__Provided data__
---
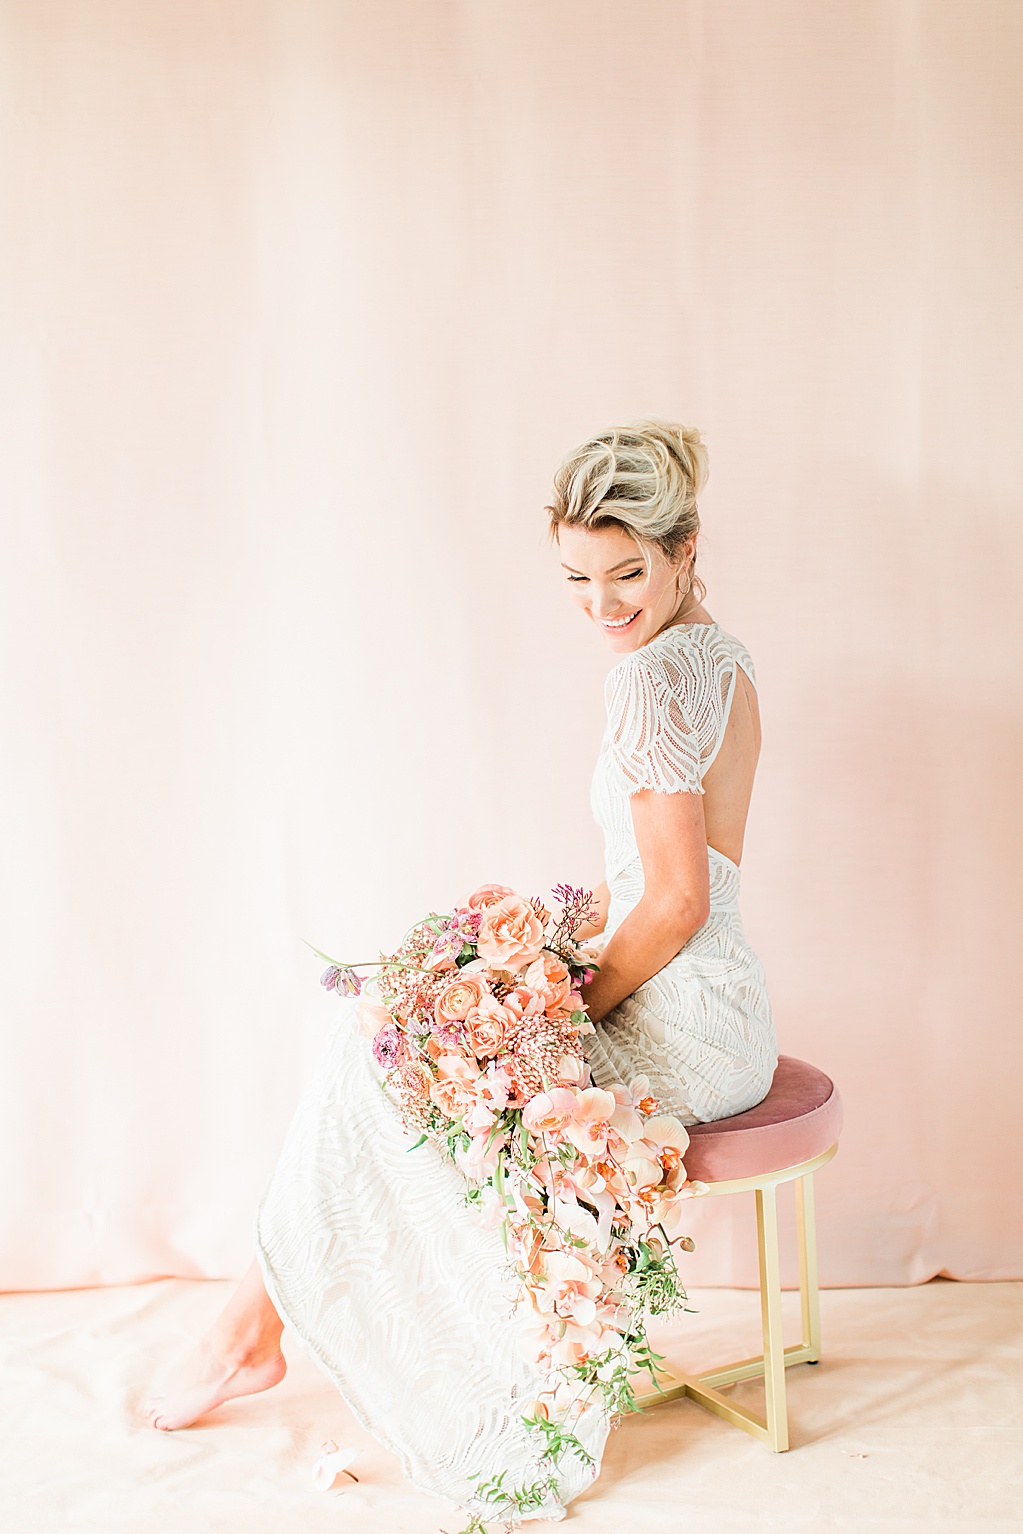 Blush mauve peach and coral wedding inspiration at Prospect House in Dripping Springs Texas wedding venue by Allison Jeffers Photography 0031
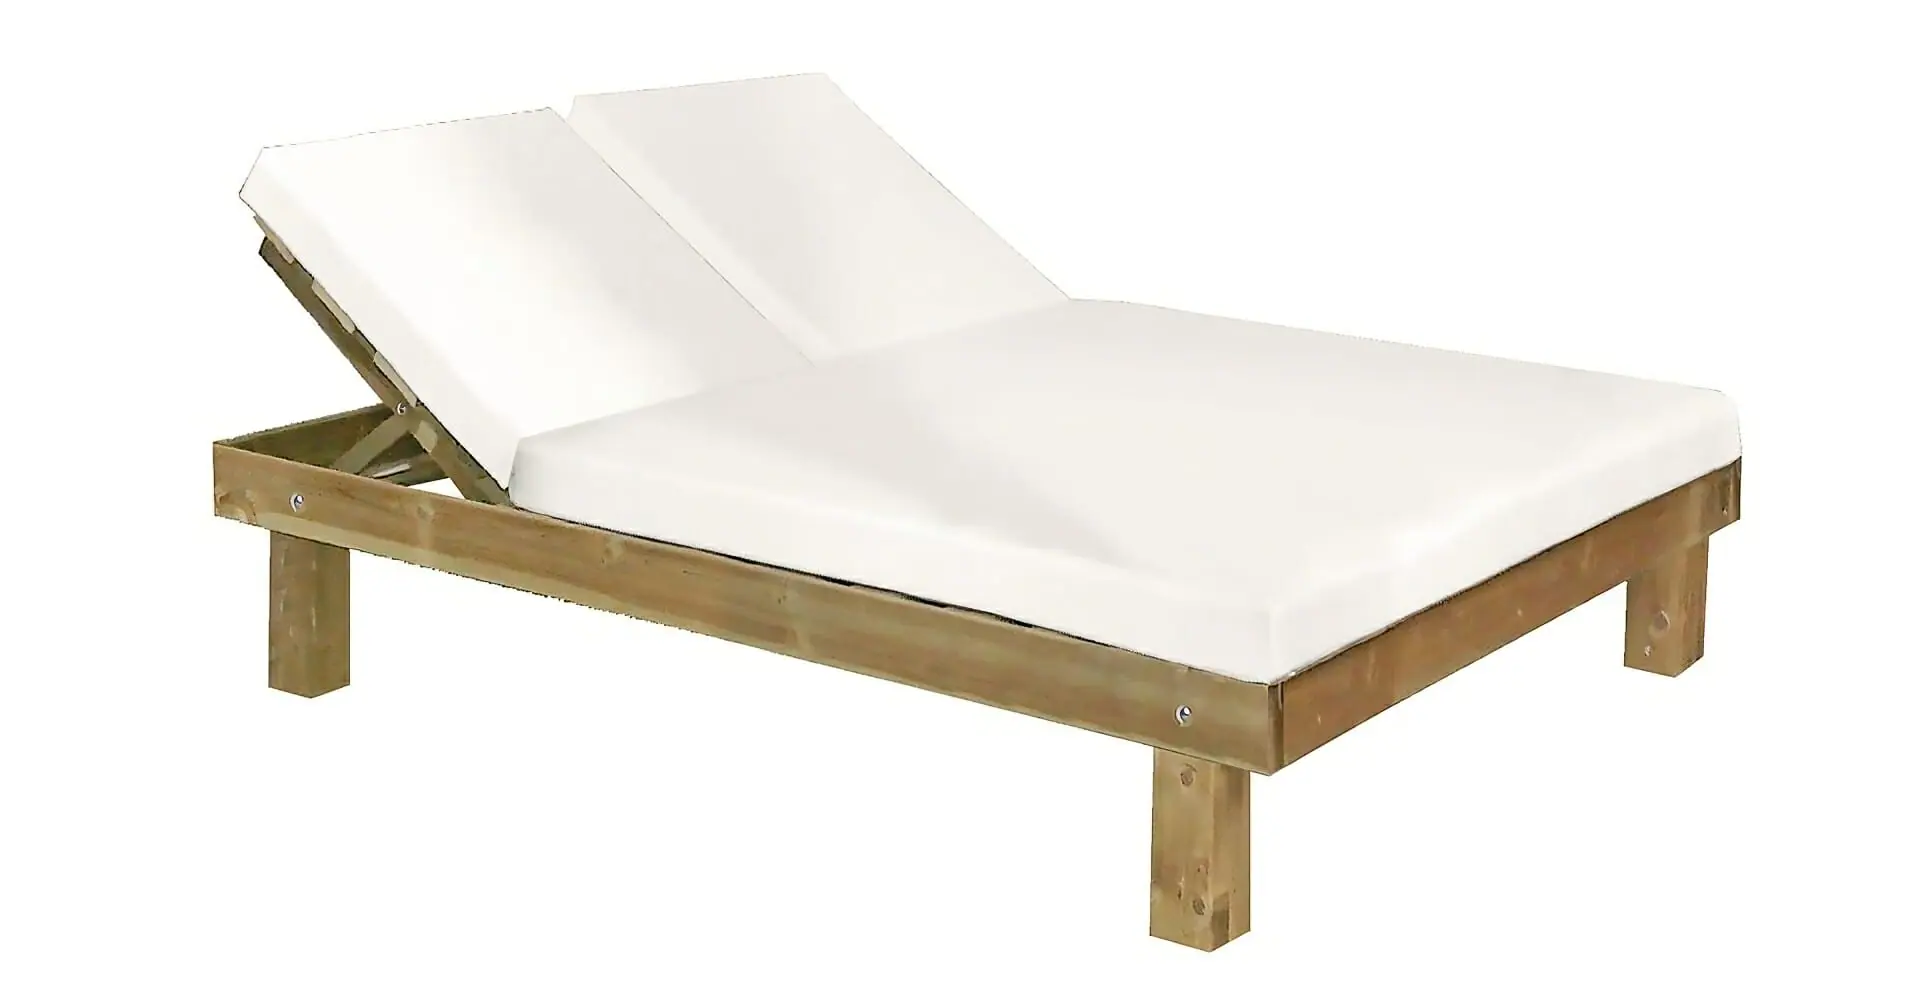 conva-madera-outdoor-double-sunbed-wooden-collection-1
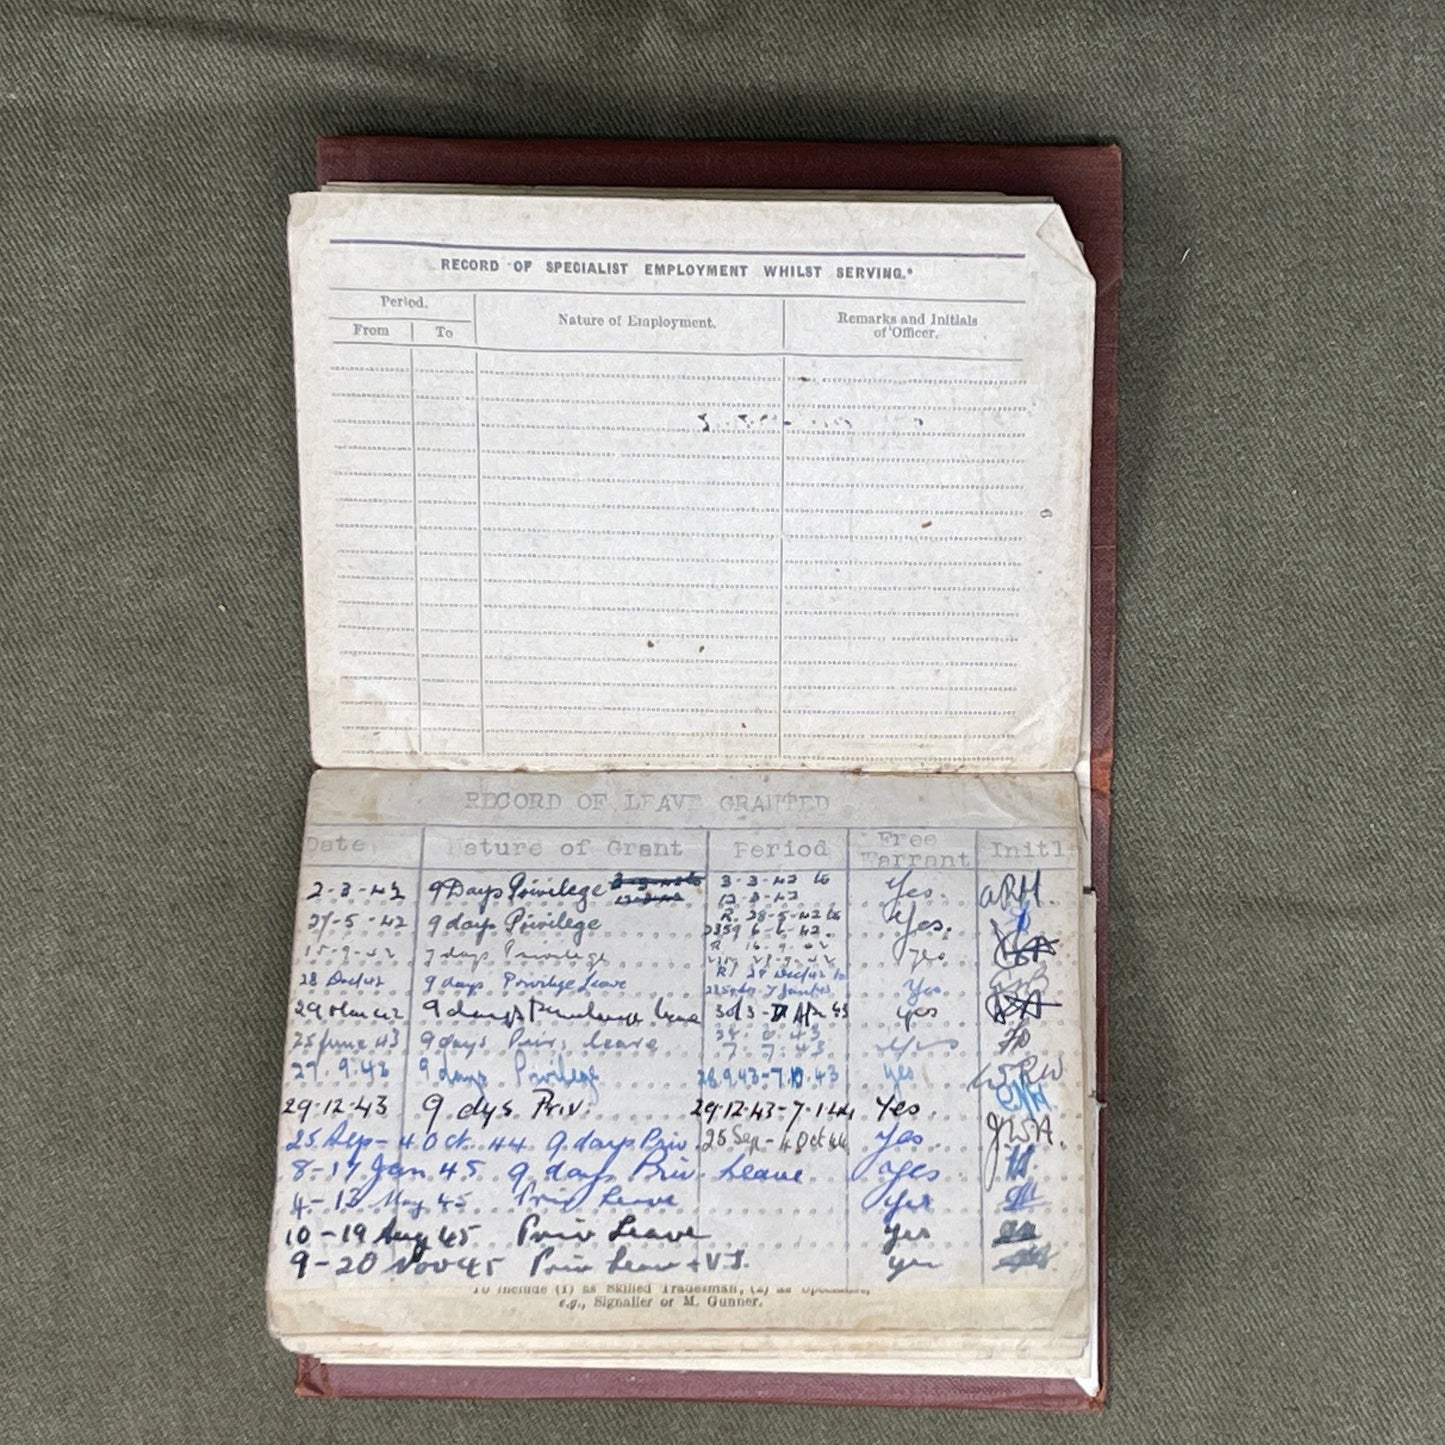 A really interesting selection of original WW2 Service paperwork relating to Arthur Charles CARTWRIGHTwho served in the Royal Signals his service records show that he was a Signals OP. K/B Group B and a TS.BO. Class D
---
__What to do__
Print exactly what appears from the first line of the listing above down to the line containing "conva-madera-outdoor-double-sunbed-wooden-collection-1", inclusive, and leave out all pictures.

__Your solution__
 Blush mauve peach and coral wedding inspiration at Prospect House in Dripping Springs Texas wedding venue by Allison Jeffers Photography 0031
 conva-madera-outdoor-double-sunbed-wooden-collection-1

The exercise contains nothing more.